Issue |
Mechanics & Industry
Volume 19, Number 1, 2018
|
|
---|---|---|
Article Number | 102 | |
Number of page(s) | 9 | |
DOI | https://doi.org/10.1051/meca/2017035 | |
Published online | 24 August 2018 |
Regular Article
Estimation of the resonance amplitude in machines with inertia vibrator in the coast-down phase
AGH University of Science and Technology, al. Mickiewicza 30,
30-059 Krakow,
Poland
* e-mail: cieplok@agh.edu.pl
Received:
14
September
2016
Accepted:
14
October
2017
The work concerns mechanical systems with transient resonance formed as a result of an unbalanced rotating mass passing through an area of the system's natural frequency. In particular, this concerns over-resonant vibrating machines driven by inertia vibrators, which during start-up and coast-down pass through the natural frequency area related to the vibrating mass – flexible suspension system. The work analyses a system consisting of a soft-mounted machine body excited into vibrations by means of the inertia vibrator in order to designate the amplitude of resonant vibration, taking into consideration strong coupling between movements of the body and vibrator. The research results are presented in the form of nomograms and approximation formulas expressed in terms of relative parameters. The results of the theoretical research were verified on the laboratory model and industrial machines.
Key words: Vibratory machines / transient resonance / estimation of maximal amplitude / nomogram method
© AFM, EDP Sciences 2018
1 Introduction
Rotating machines with unbalanced rotors mounted on flexible suspensions may, during their start-up and coast-down, be subjected to strong vibrations. The appearance of resonance is connected with the interaction of inertia forces of unbalanced rotors with the machine body in the field of the system's vibration frequency: vibrating mass – flexible suspension. Defining the amplitude of these vibrations in the case of stationary resonance does not represent a problem. Their values are decided by the particular integrals of dynamic equations of motion which, as a result of assuming a constant angular velocity of the rotor, lead generally to a linear algebraic equation.
The case is more complicated when we have to deal with transient states. Then, due to the variable in time rotational velocity of the rotor, the dynamic equations of motion are considered as non-linear. The simplest system that we may deal with, consisting of a vibrating mass excited with the help of an unbalanced rotor, is described with the fourth order differential equation. We do not know the analytical form of this equation's solution. Therefore, the published theoretical works concerning this matter are based either on simplifications or on numerical models.
Simplification can generally lead to two cases. In the first one, the simplification of the physical structure of the system is performed to such degree that calculations to obtain analytical formulas can be conducted. In this way, formulas for resonant vibration amplitude were obtained by Michalczyk [1,2] as well as by Agranowska and Blechman [3]. In both papers, the researchers used energy – kinetic energy balance of the rotational motion and vibrating mass or the kinetic energy of the vibrating mass and the potential energy of the suspension.
In the second case, the simplification concerns the dynamic analysis of the equation of motion assuming, for example, the previously mentioned course of the rotor angular velocity to be known. This case is more widely explored in the literature. These include the pioneering works of Lewis [4] and Kac, and then the works of Fearn and Millsaps [5], Leul, Dorning, Fernlund [6], Hirano [7], Banaszewski and Turkiewicz [8] or Markert and Seidler [9]. The last of these works contains the overview of the problem.

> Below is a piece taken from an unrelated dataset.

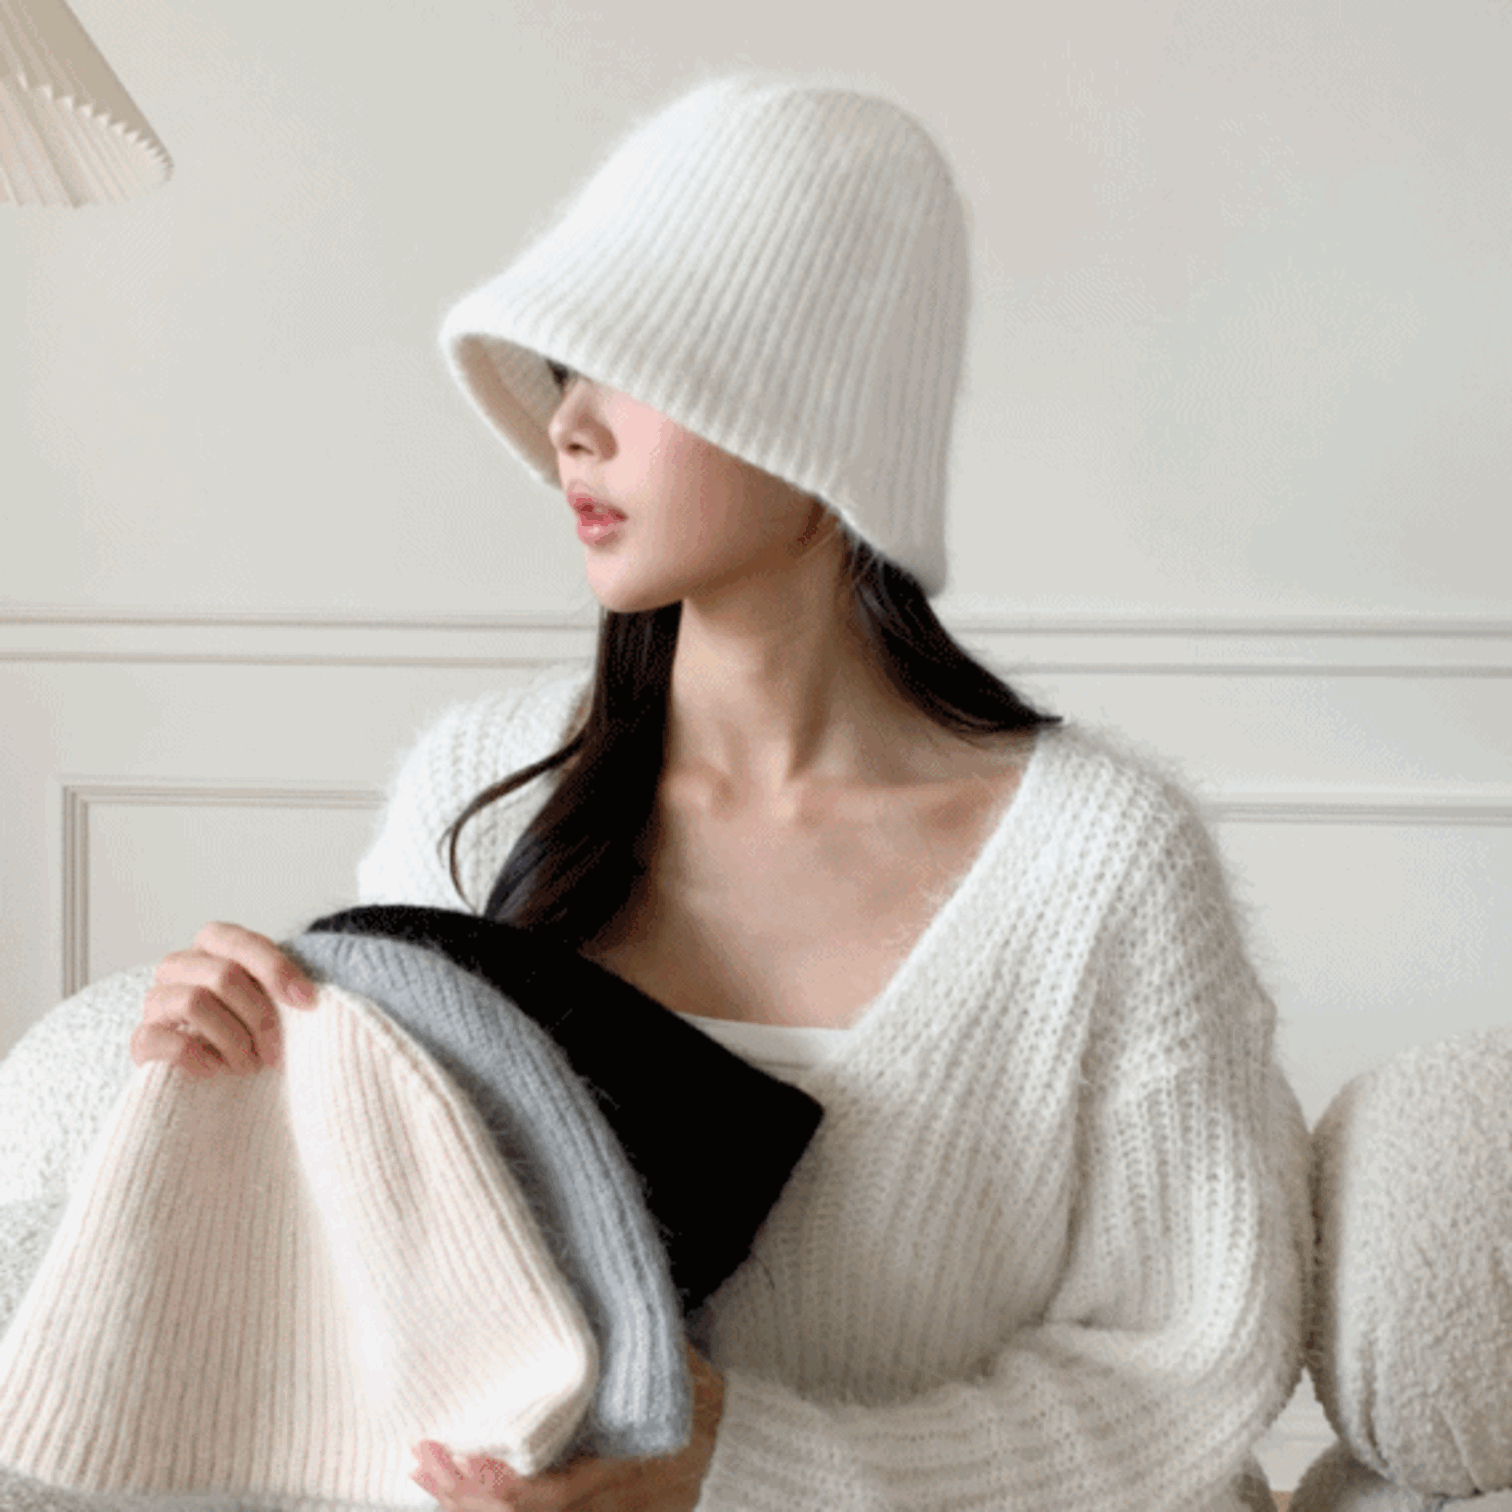 [앙고라] 베르 도톰 소프트 베이직 겨울 니트 벙거지 버킷햇 모자 4color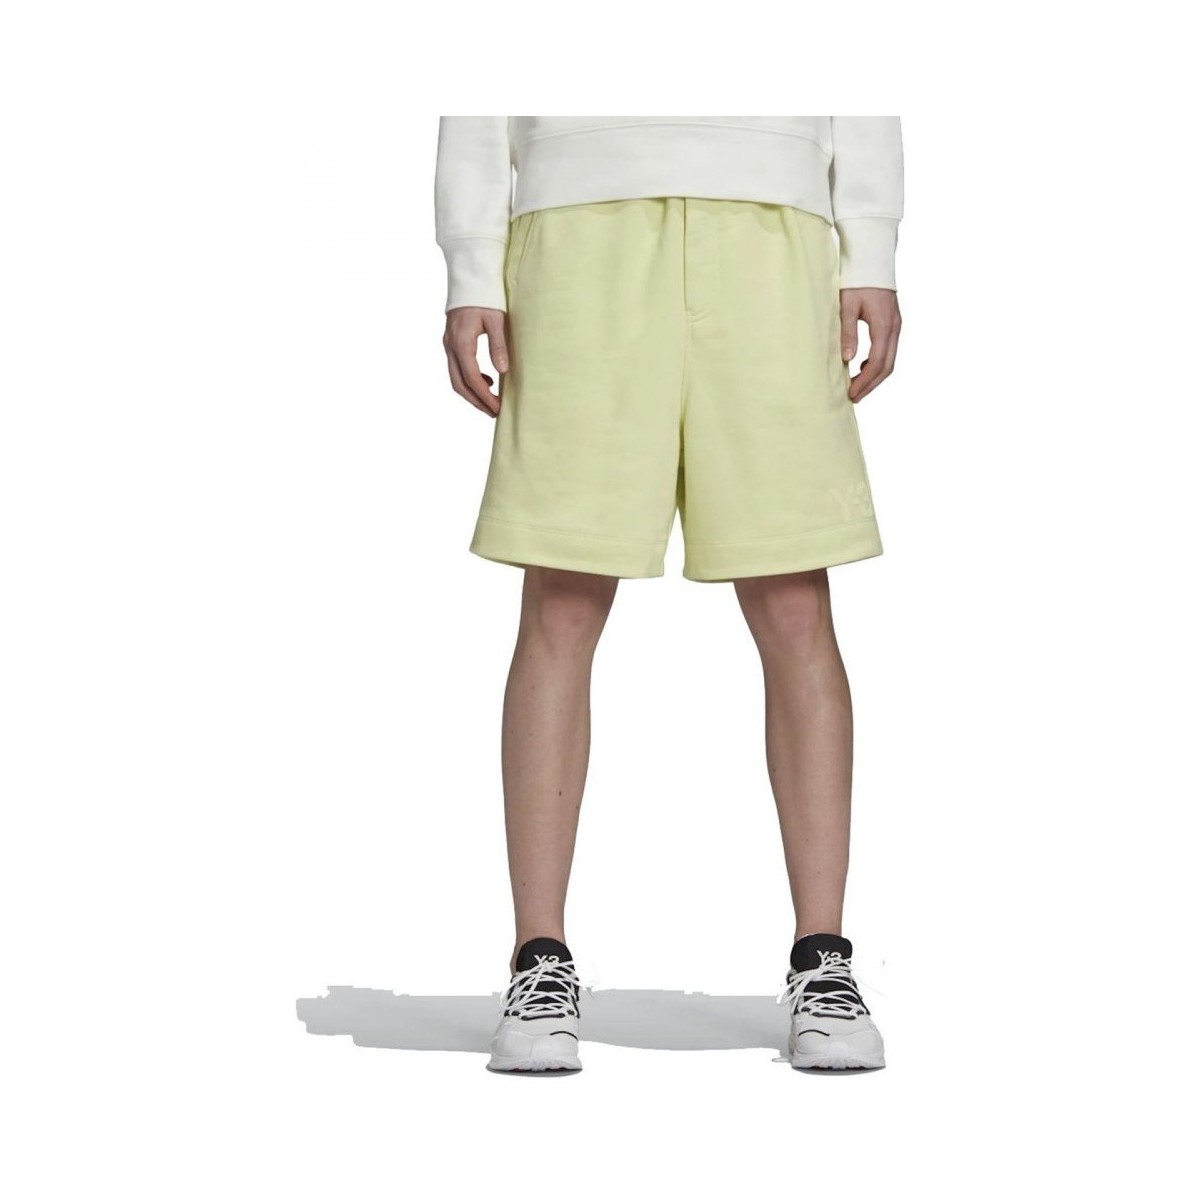 Textiel Heren Korte broeken / Bermuda's adidas Originals M Cl Try Shorts Geel

The assumption of a known course of rotating velocity may lead to serious errors in the resonant amplitude definition [10,11]. If, during the start-up phase, the dominating role is played by the drive moment of the engine, and the acceleration and angular velocity of the rotor can be defined on its basis, then during free coast-down the matter looks less optimistic. The motion of the rotor is decelerated by the motion resistance and interaction of the machine parts. This last factor, which in the literature is defined as the vibration moment [1], plays a key role and is a basic cause of rotor velocity breakage in the resonance zone. The usage of analytical formulas introduced in the mentioned works, and based on rotor deceleration, leads to serious errors, and in the case of machines with a large unbalance, such as vibrating machines, it loses its sense.
In works [12–15] the analysis was carried out on a system consisting of a mass mounted on a symmetrical flexible suspension excited into vibrations with the help of an inertia vibrator. Thanks to the transformation of the dynamic equation of motion to a set of coordinates for the rotor velocity, and referring the coordinates of motion to the reference value, equations were obtained which for coast-down phases were expressed by only two relative parameters, i.e. the forced-inertia parameter connecting the unbalanced rotor with the vibrating mass and with the moment of rotor inertia as well as through relative damping of the suspension system. This allowed to determine nomograms which could define the amplitude of resonant vibrations in the case of free coast-down.
This paper widens the knowledge concerning transient resonance by performing analysis of a system of non-symmetrical suspension, which is more often met in practice.
2 Mathematical model
Figure 1 presents the model of the rotating machine with three degrees of freedom mounted on a non-symmetrical flexible suspension, which is excited into vibrations using an unbalanced rotor.
In the Cartesian coordinate system, dynamic equations of motion may be written in the form of the set of dependencies (1). (1a) (1b) (1c) where e designates the radius of the unbalanced mass m, J – mass moment of inertia of the drive shaft, M − drive moment, kx, ky, bx, by – coefficients of elasticity and damping on the x and y axes.
Assuming equality between the relative damping γ of the motion of the vibrating mass in x and y directions (Eq. (2)): (2) the degree of non-symmetry of the suspension can be expressed using the relative parameter β, according to the dependencies (3). (3a) (3b)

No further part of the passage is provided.